Meta's VL-Jepa: Shifting AI's Focus from Words to Worlds |

Translate: 🇫🇷 French 🇸🇦 Arabic 🇨🇳 Chinese 🇪🇸 Spanish

A groundbreaking research paper from Meta, co-authored by the influential Yann LeCun, is sparking a critical conversation. Does this new development signal the end of Large Language Models (LLMs), or do they still represent the future of AI? This article explores that very question.

The paper, titled “VL-Jepa” (Vision Language Joint Embedding Predictive Architecture), was released on December 11, 2025. But before diving into what VL-Jepa is, it’s essential to understand how the AI systems we use today actually function.

The Reign of Auto-Regressive Models

Large Language Models like GPT, Llama, and Gemini are masters of generating text. They accomplish this by producing one token at a time, from left to right. This process is known as auto-regression. Each time the model predicts the next word, all the previously generated words become its input.

Consider generating a sentence like, “The sun shines brightly.”

The model first predicts “The”.
It then uses “The” to predict “sun”.
It uses “The sun” to predict “shines”.
Finally, it uses “The sun shines” to predict “brightly”.

This approach works remarkably well, but it has a major limitation. The model cannot know the final answer upfront. It generates one word at a time, relying entirely on previously generated tokens to decide the next one. This makes the process slow and computationally expensive. More importantly, it’s heavily dependent on language structure rather than a true, underlying understanding.

Yann LeCun’s Vision: Beyond Next-Word Prediction

This is a point of contention that Yann LeCun has criticized for years. In many talks and interviews, he has clearly stated that simply scaling up LLMs is not the same as achieving intelligence. Bigger datasets, larger models, and longer context windows are not enough to produce human-level intelligence.
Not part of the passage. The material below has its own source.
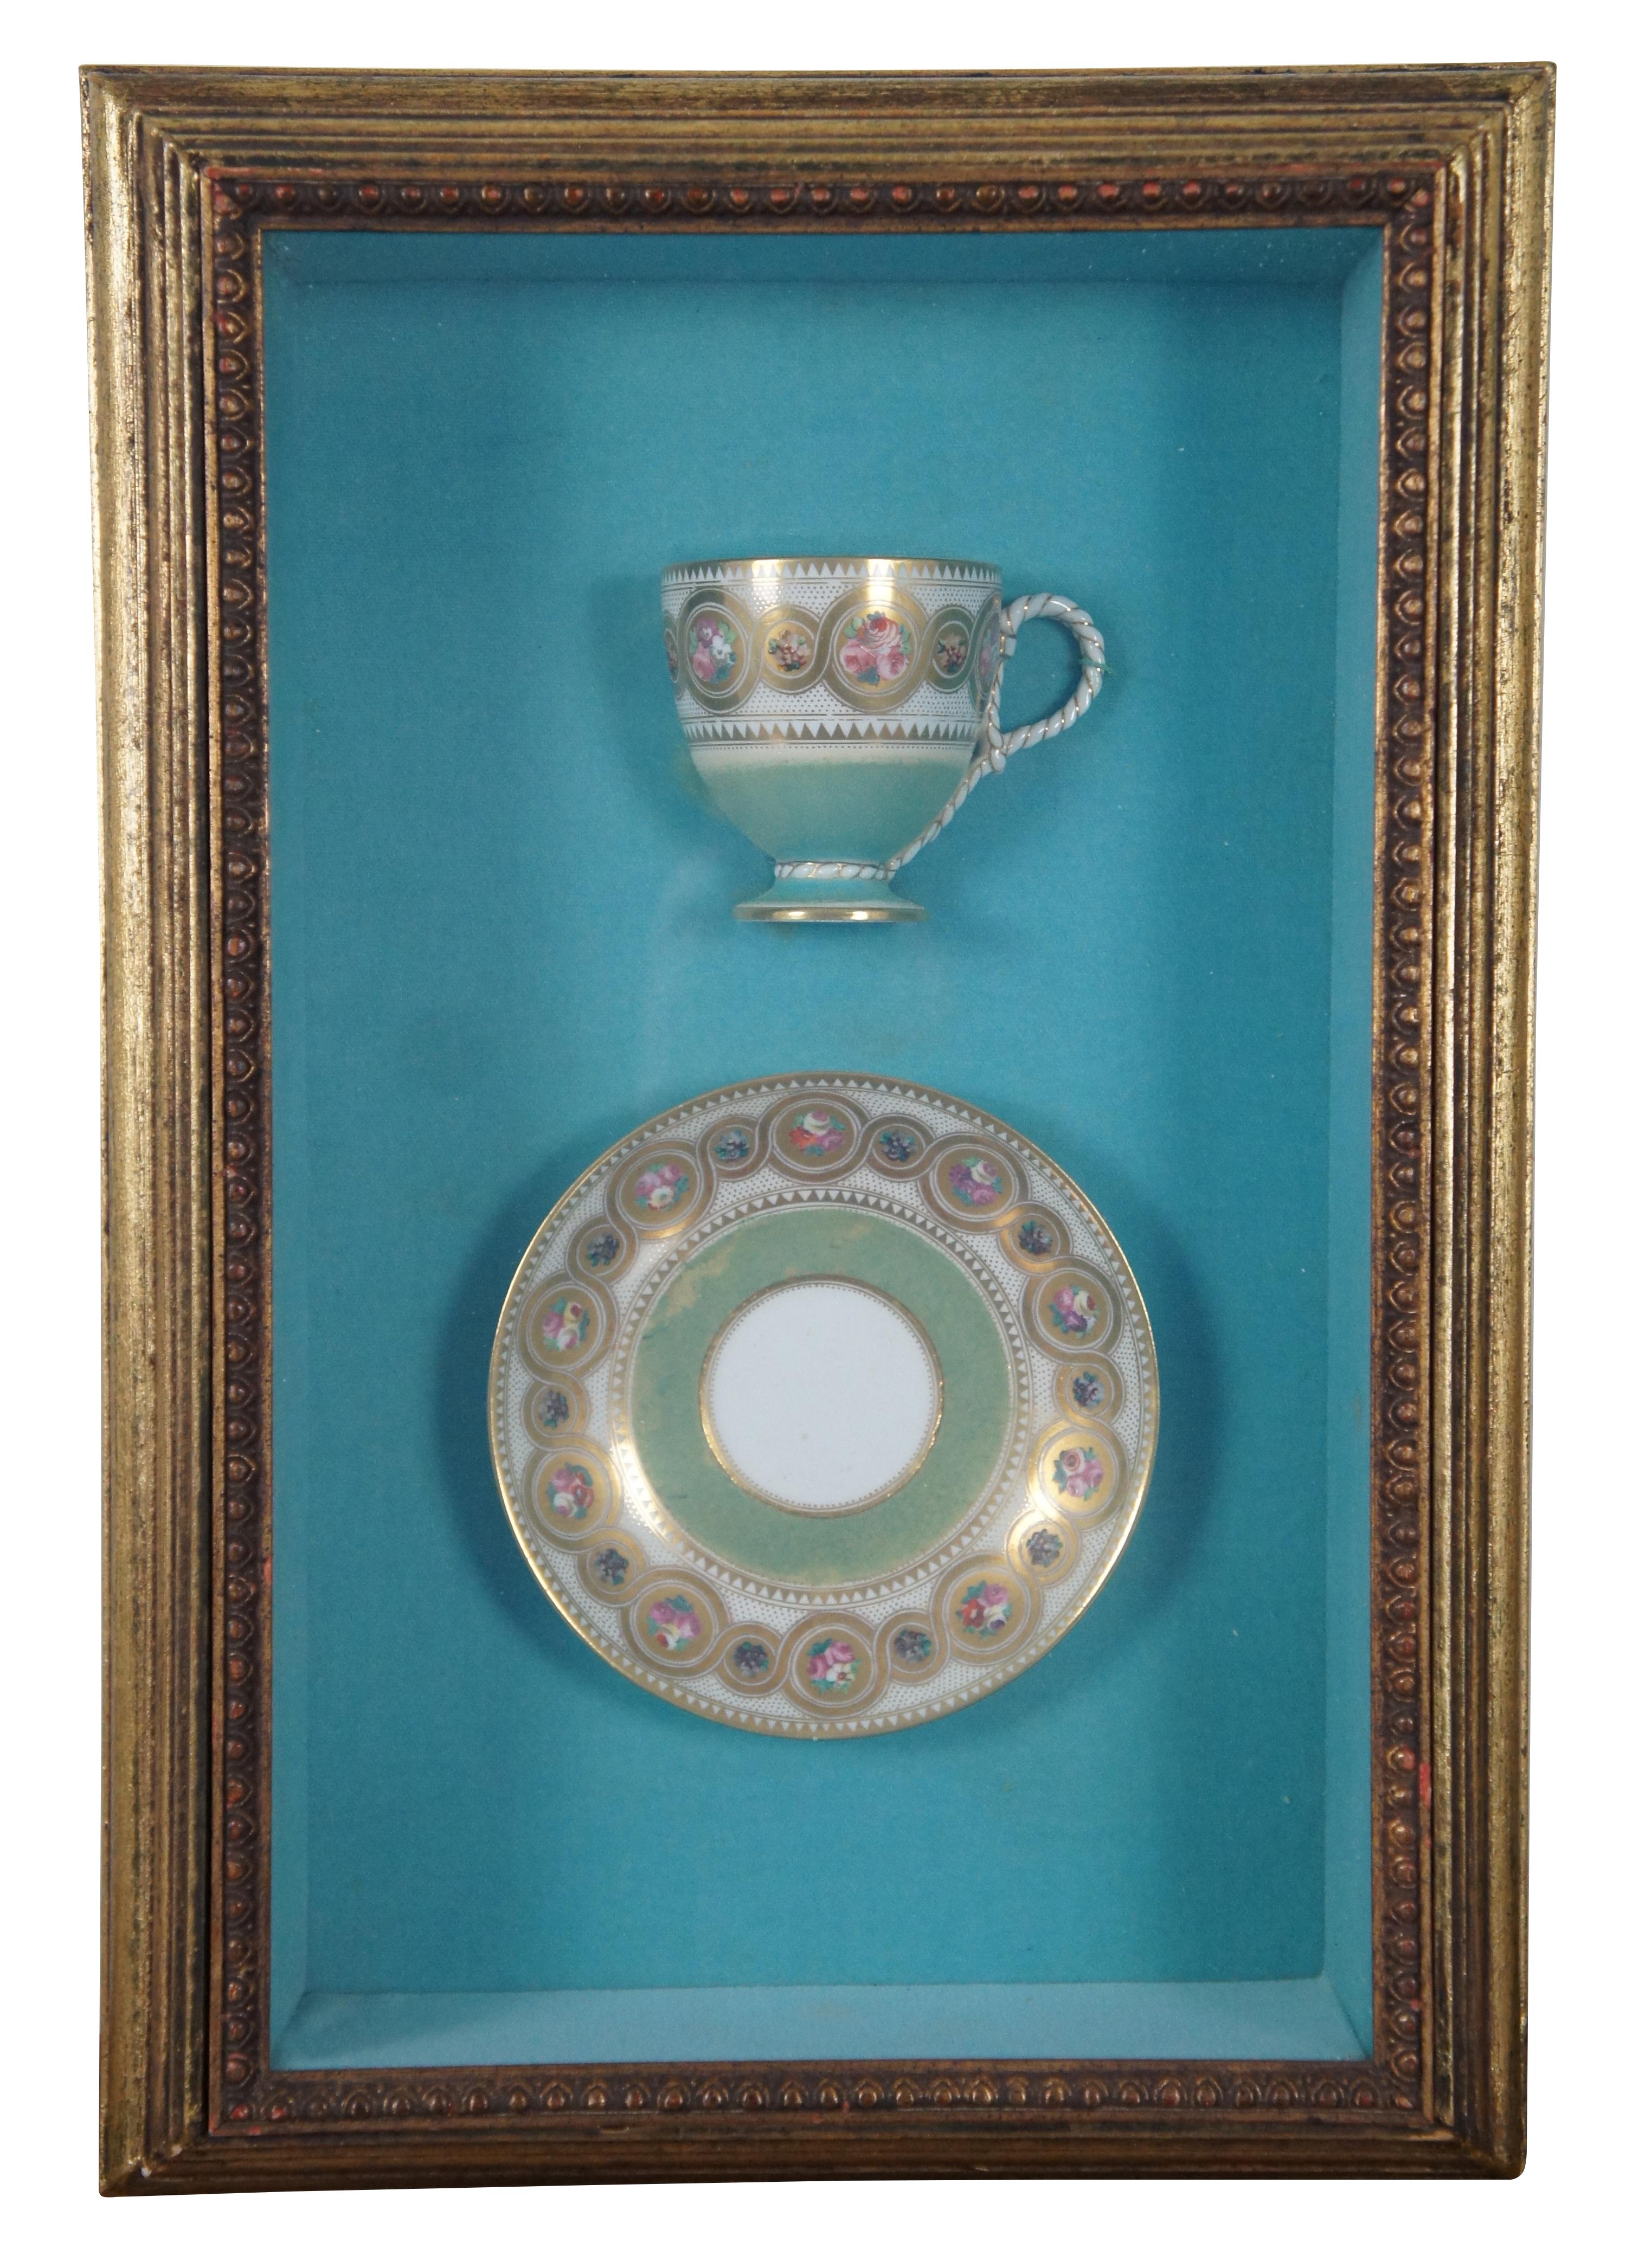 Rare tasse à thé / soucoupe et plat de service en porcelaine anglaise / britannique de l'époque victorienne, peints en turquoise, or et cerclés de motifs de fleurs et de rubans. Montés dans des boîtes à ombre au cadre biseauté profond, avec des

Why? Because intelligence isn’t about predicting the next word. It’s about understanding the world around you. Language is merely a way to express thought. Thinking itself happens through concepts, not tokens.

Enter VL-Jepa: A New Paradigm

This is precisely where VL-Jepa takes a completely different approach.

VL-Jepa is a visual language model, meaning it can understand images, videos, and text together. But unlike traditional models, it does not generate text word by word. Instead, VL-Jepa predicts semantic embeddings. It builds an internal, semantic understanding of what it sees, rather than just learning to string words together.

Because of this, VL-Jepa operates as a non-generative model. It learns what something means, not how to describe it word by word. It performs reasoning in a latent semantic space rather than a token space.

Semantic Space vs. Token Space: A Tale of Two Mappings

What exactly is a “semantic space” versus a “token space”? Let’s break it down.

In AI, a “space” is simply a way to organize information using numbers. Whether you have a sentence, an image, or a video, it’s converted into a vector—a list of numbers. In this space, AI models place items with similar meanings close to each other. For example, the words “love” and “like” would be neighbors, while “cat” and “car” would be far apart. It’s a map of meanings.

The World of Meanings: Semantic Space

A semantic space organizes information based on conceptual similarity. Things that are the same or similar are close.

Consider these two sentences:

“A dog is running.”
“A puppy is playing.”

While they use different words, their meaning is similar. In a semantic space, their embeddings (their numerical representations) would be close together.

Now, consider these two sentences:

“A dog is running.”
“A car is parked.”

These have vastly different meanings. In a semantic space, their embeddings would be far apart.

The World of Words: Token Space

In contrast, a token space is what current LLMs use. Here, the focus is on words and sub-words. The model cares about grammar, punctuation, and word order. Its primary goal is to predict the next token in a sequence.

For the sentence, “A person named Alex enjoys programming,” a traditional LLM treats each word as a separate token and predicts them one by one.

In a semantic space, which VL-Jepa uses, the model works with concepts and meanings. It ignores the exact wording and represents the entire idea at once. The same sentence becomes a single abstract concept: a person named Alex who likes to code. This entire meaning is stored as one abstract vector.

The difference is profound:

LLMs think by predicting the next word.
VL-Jepa thinks by predicting the meaning.

Why This New Approach is So Powerful

This shift from token space to semantic space is incredibly powerful for several reasons:

Focus on Meaning: The model concentrates on what something means, not just how it’s written.
Efficient Reasoning: This focus makes reasoning faster and easier.
Fewer Parameters: It requires fewer parameters compared to massive auto-regressive models.
Human-like Thinking: This process is closer to how humans think—in concepts, not a linear sequence of words.

The Dawn of World Models

To be clear, VL-Jepa is not the end of LLMs. Instead, it signals the beginning of a new direction. Yann LeCun calls this idea a “world model.”

A world model doesn’t just talk; it understands how the world works over time. In the future, LLMs won’t disappear. They will simply stop being the centerpiece of AI. They will become the language layer—the part that communicates with humans—while a deeper, more conceptual model like VL-Jepa handles the actual reasoning.